А. Сахаров (редактор) - Елизавета Петровна
– Ваша эминенция совершенно правы, – твёрдо ответил он, – в моих словах был такой смысл, что шевалье оставалось или вызвать меня на дуэль, или уйти осмеянным. Он назвал оттенок своего камзола «бле-де-сиель», а я сказал, что, по-моему, его камзол «бле-де-кур». Всем, кто знает, что этот господин существует исключительно милостями своей любовницы, старухи Бледекур, пользующейся вашим отеческим расположением, кардинал, смысл моих слов ясен. Но если мои слова и были оскорбительны, то разве не оскорбительно было для его величества, что его первый министр и кардинал представляет ко двору его величества столь сомнительную личность?

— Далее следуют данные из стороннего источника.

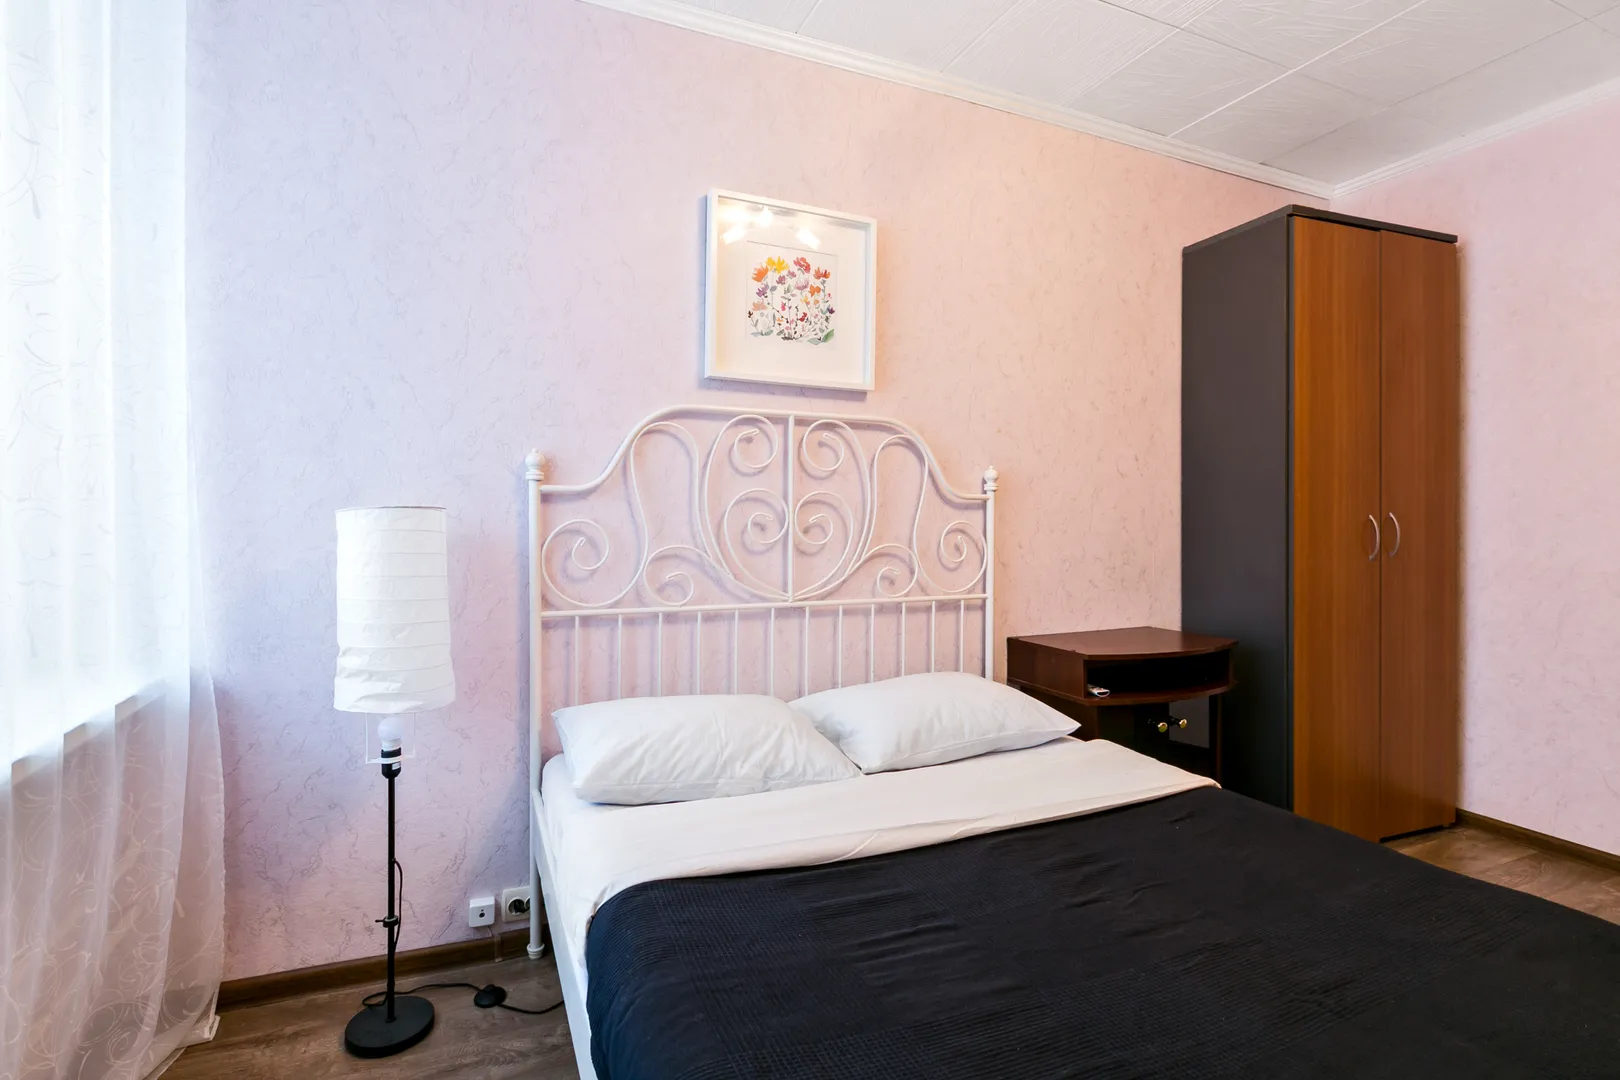 Спальня: крепкая железная кровать с чистым матрасом и застеленным бельем, ЖК-телевизор, плотные шторы и мягкий ковер.

– Эй, вы! – крикнул гасконец, топая ногой и готовый броситься на маркиза.
– Что такое? – крикнул на него король, вставая с места. – Вы забываетесь в присутствии короля?
– Если король, – в бешенстве ответил ла Хот-Гаронн, – позволяет своим фаворитам оскорблять в своём присутствии дворянина, то у дворянина нет никаких обязанностей по отношению к королю!
– Д'Антен! – крикнул король. – Немедленно отвести этого господина в Бастилию!
Д'Антен крикнул двух дежурных гвардейцев, и гасконца увели.
– Так вот каковы овечки у вашей эминенции? – снова сказал король. – И вы ещё решились требовать самых суровых кар для маркиза де Суврэ? Попрошу вашу эминенцию быть на следующий раз осторожнее как в рекомендации, так и в осуждении. Суврэ совершенно прав: представление ко двору такого господина есть оскорбление для меня!
Как и всегда в таких случаях, кардинал прибегнул к испытанному средству – отставке.
– Едва ли мне придётся впредь испытывать терпение вашего величества, – слащаво запел он, – потому что я с каждым днём чувствую себя всё более слабым и больным…
– Вот что, кардинал, – резко оборвал его Людовик, – если вы на этот раз вздумали завести свою старую песню об отставке, то вы выбрали плохой момент. Я как раз в таком настроении, что легко могу согласиться со слабостью и болезненностью вашей эминенции!
– Пока у меня ещё есть хоть капля силы, она вся принадлежит вашему величеству! – смиренно ответил кардинал, видевший, что сегодня с его величеством творится что-то необычное, а потому обычные меры могут оказаться опасными.
– У вас больше ничего нет для меня, кардинал, на сегодня? – спросил король.
– Нет, я уже всё доложил вашему величеству.
– В таком случае, до свидания! Не смею задерживать долее вашу эминенцию!
Кардинал ушёл, теряясь в догадках, кто произвёл такую волшебную перемену в его застенчивом, робком питомце.[50]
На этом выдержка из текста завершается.